WHAT YOU ARE ASKED TO DO — Below are some records. Return exactly their lines from the one containing "華映企業工會理事長蘇國哲(左)遞交陳情書給大同公司代表。記者蔡銘仁/攝影" through the one containing "Bild auf der", and drop the pictures.

DATASET CONTENT —
┄┄┄┄┄┄
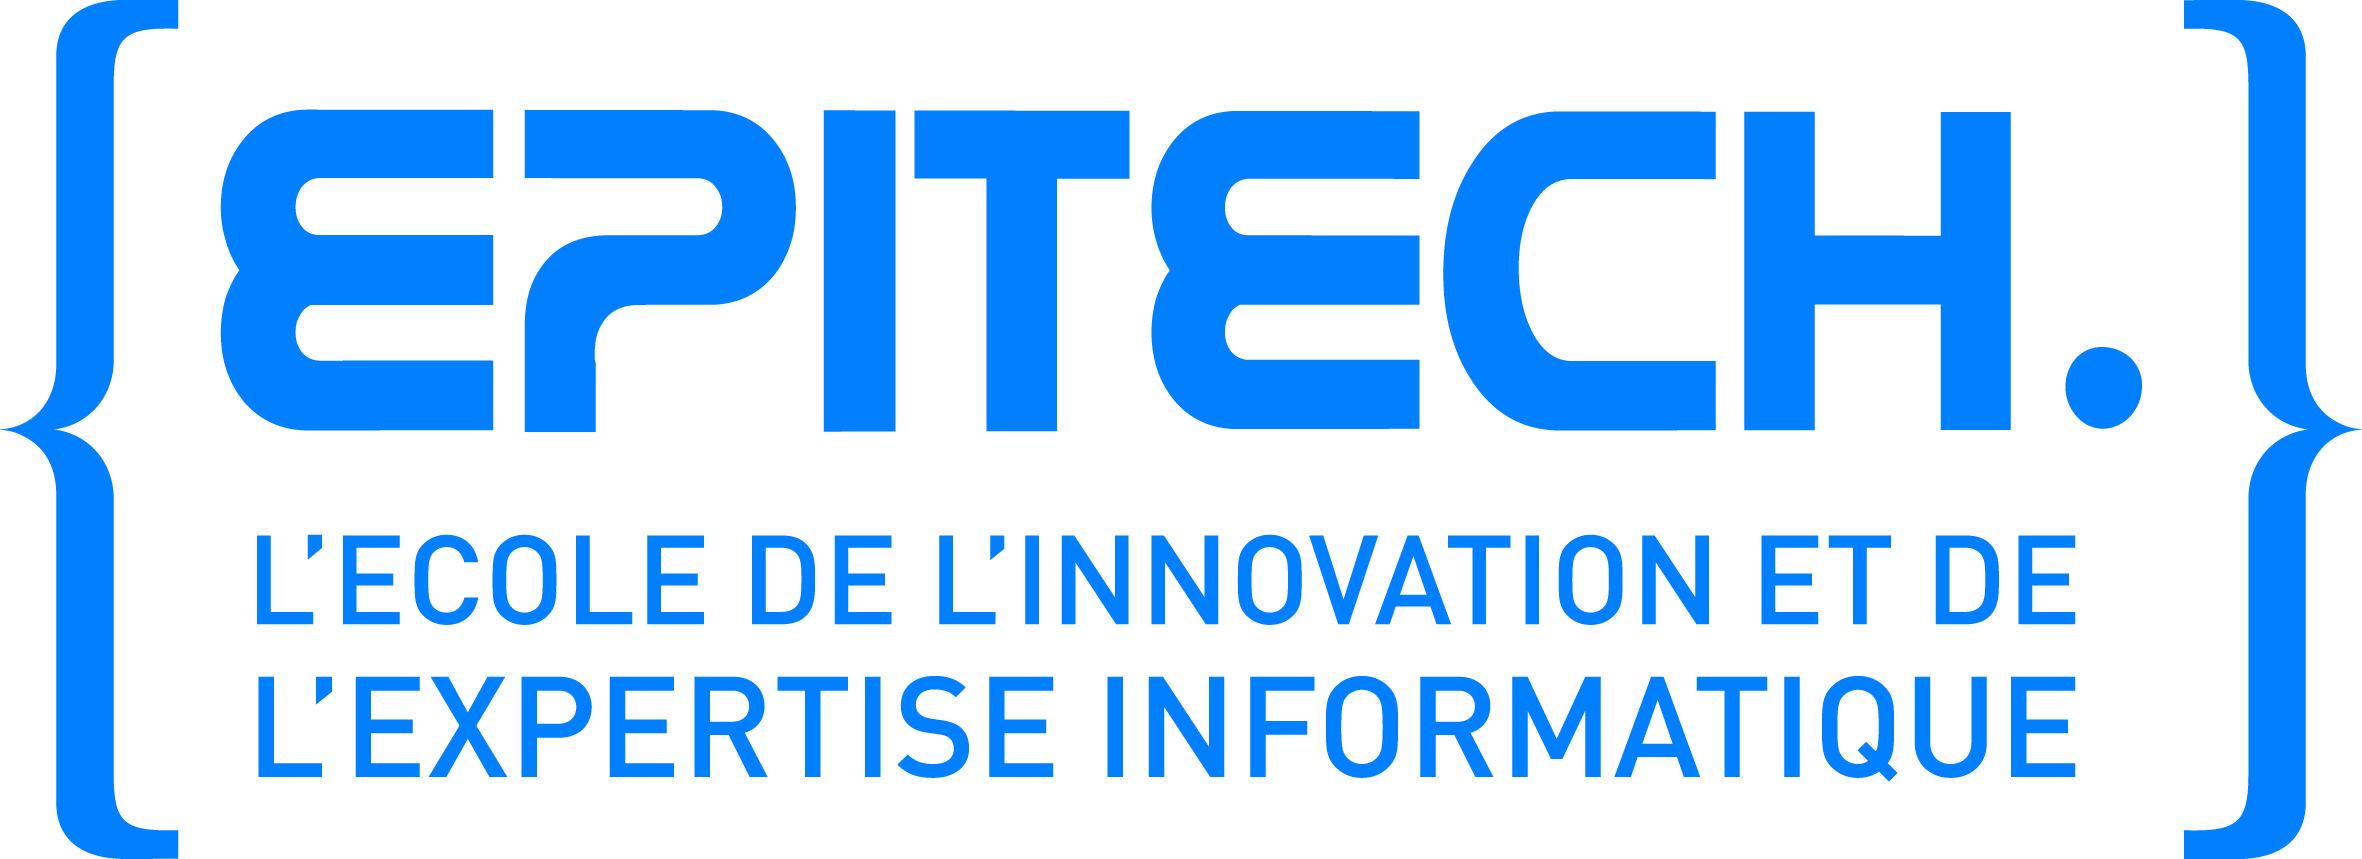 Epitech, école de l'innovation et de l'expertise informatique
┄┄┄┄┄┄
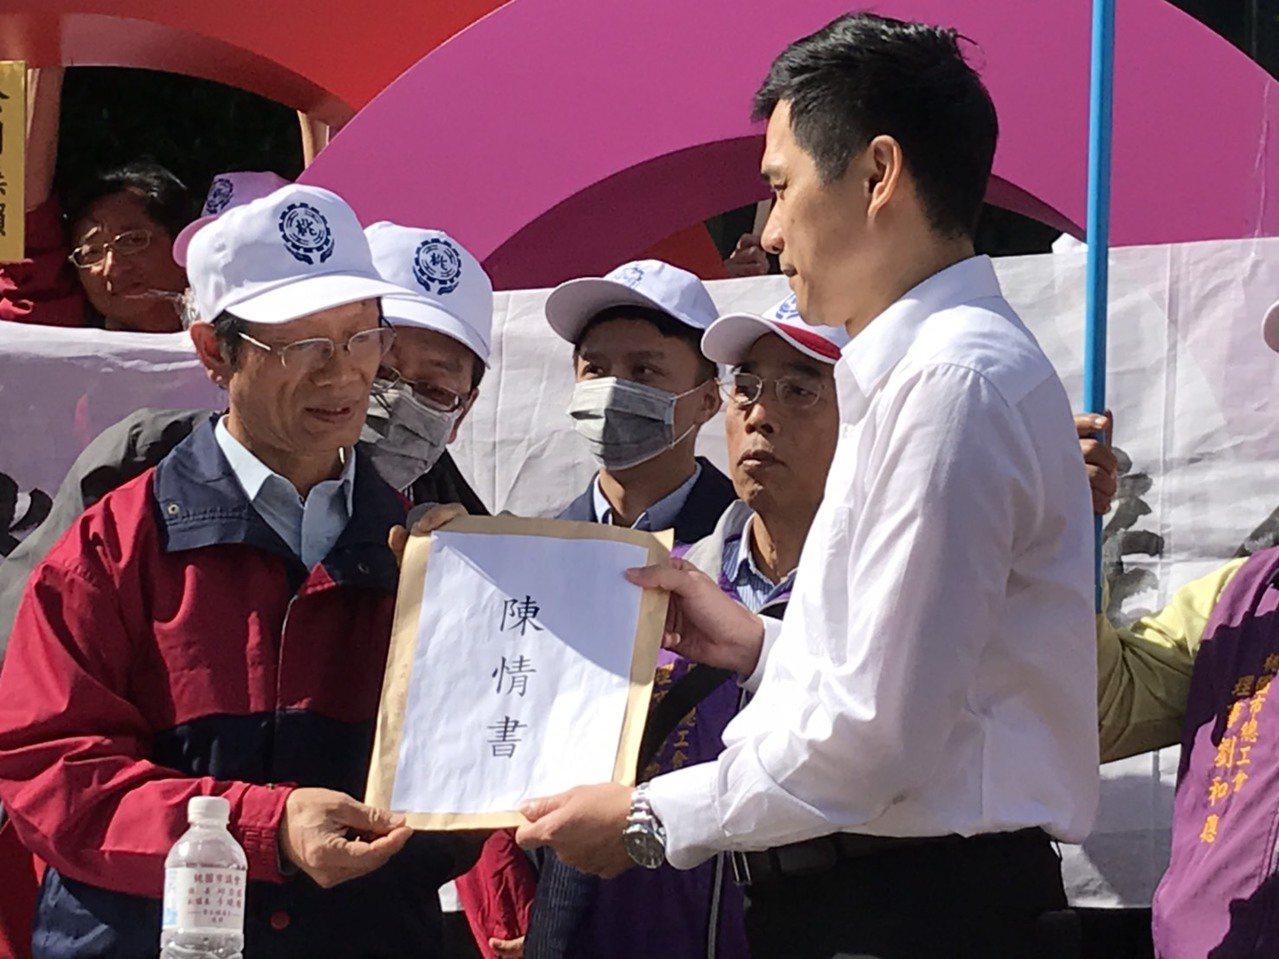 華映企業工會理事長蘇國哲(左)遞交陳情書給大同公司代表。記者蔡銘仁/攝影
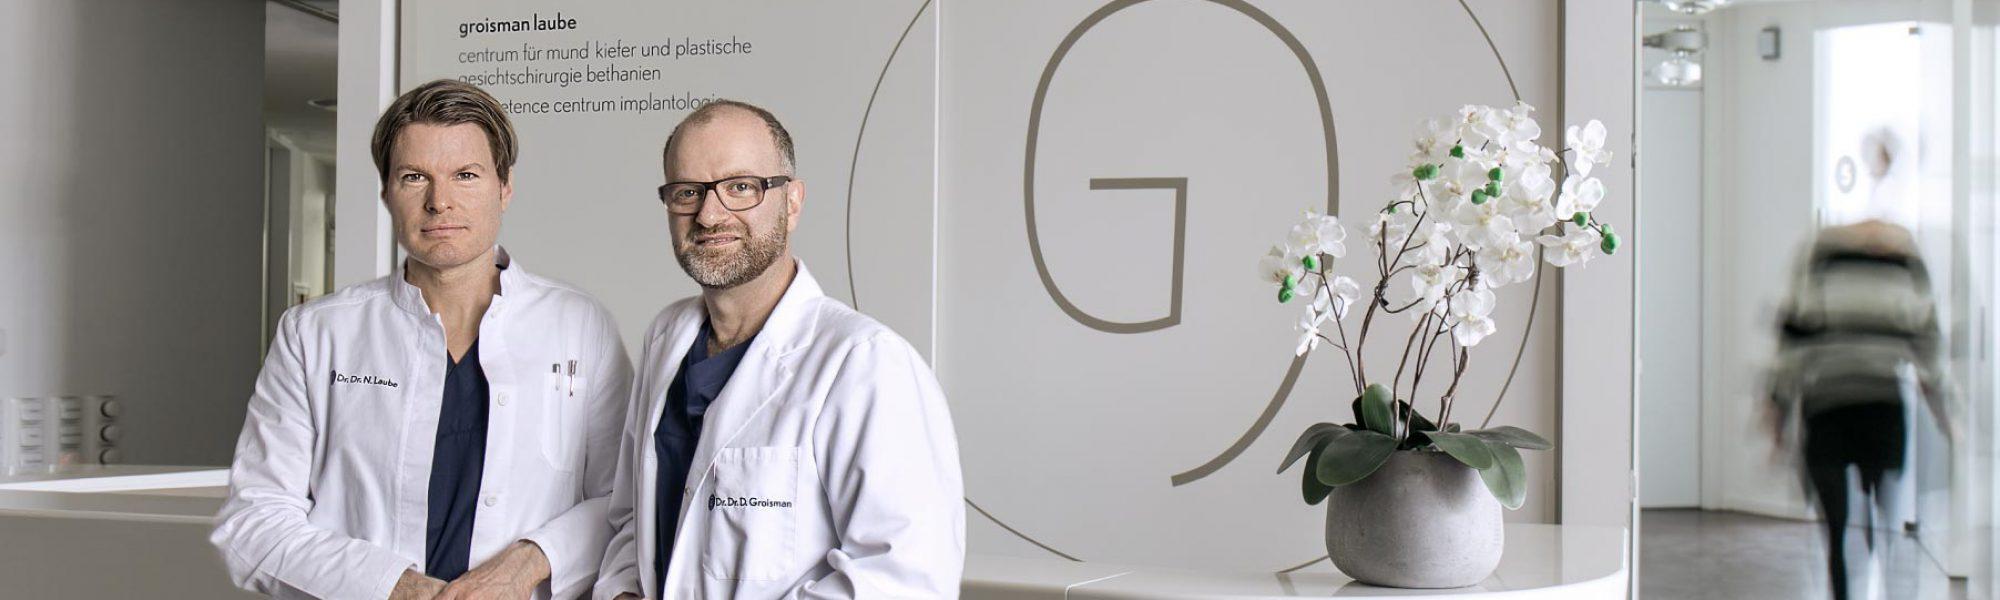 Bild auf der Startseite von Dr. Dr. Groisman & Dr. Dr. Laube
┄┄┄┄┄┄
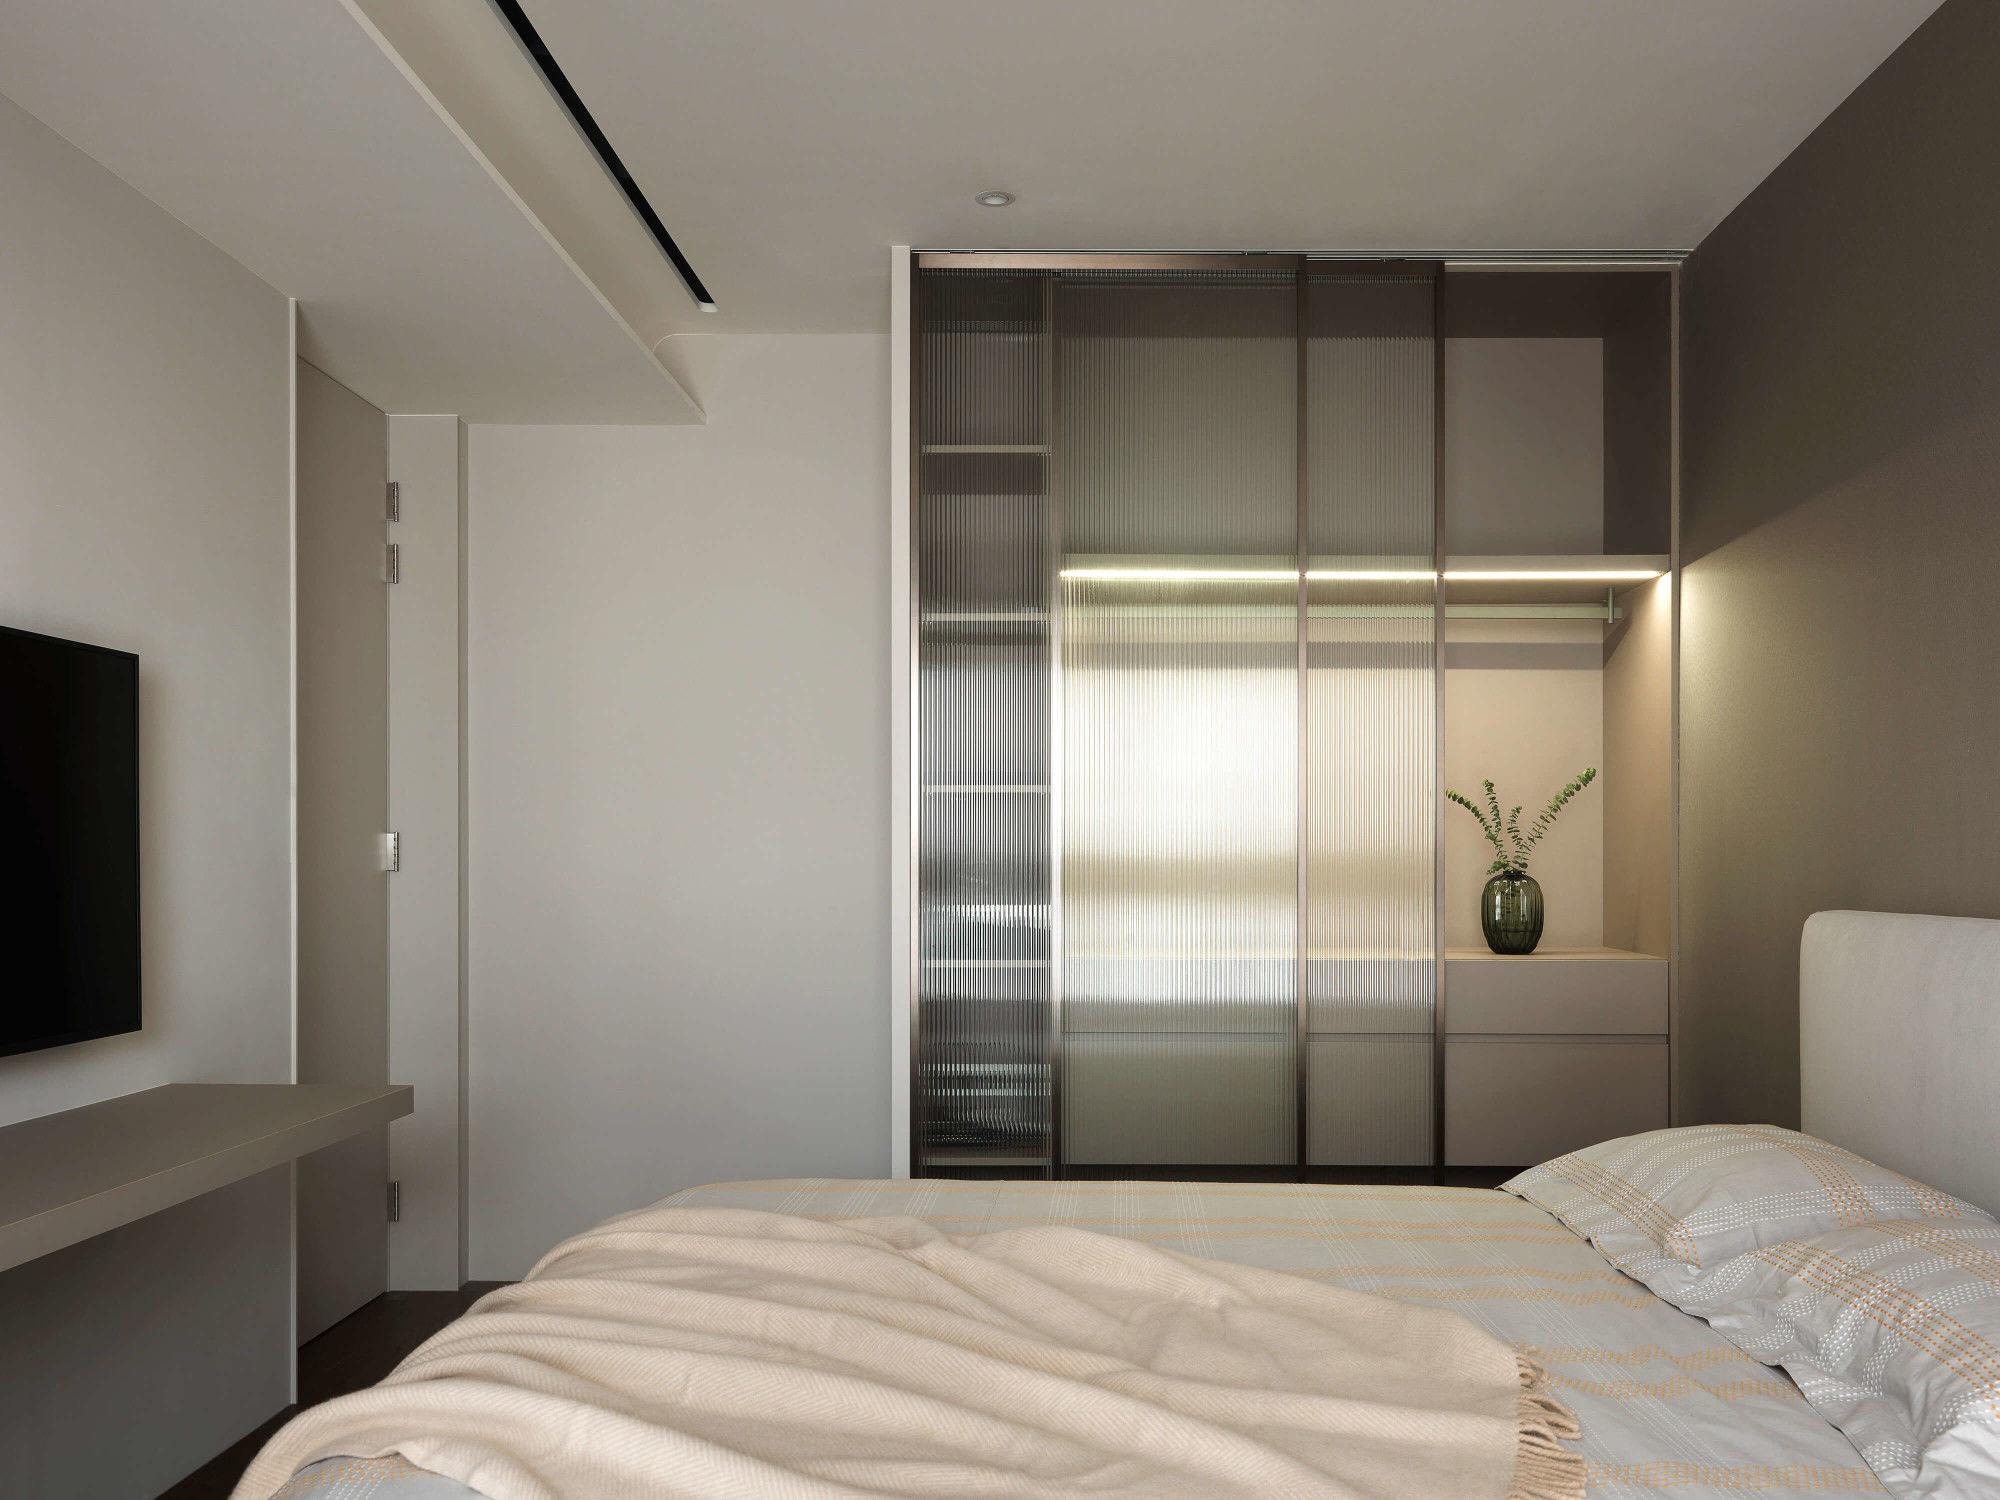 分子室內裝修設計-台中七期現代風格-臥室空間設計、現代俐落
┄┄┄┄┄┄
YOUR SOLUTION —
 華映企業工會理事長蘇國哲(左)遞交陳情書給大同公司代表。記者蔡銘仁/攝影
 Bild auf der Startseite von Dr. Dr. Groisman & Dr. Dr. Laube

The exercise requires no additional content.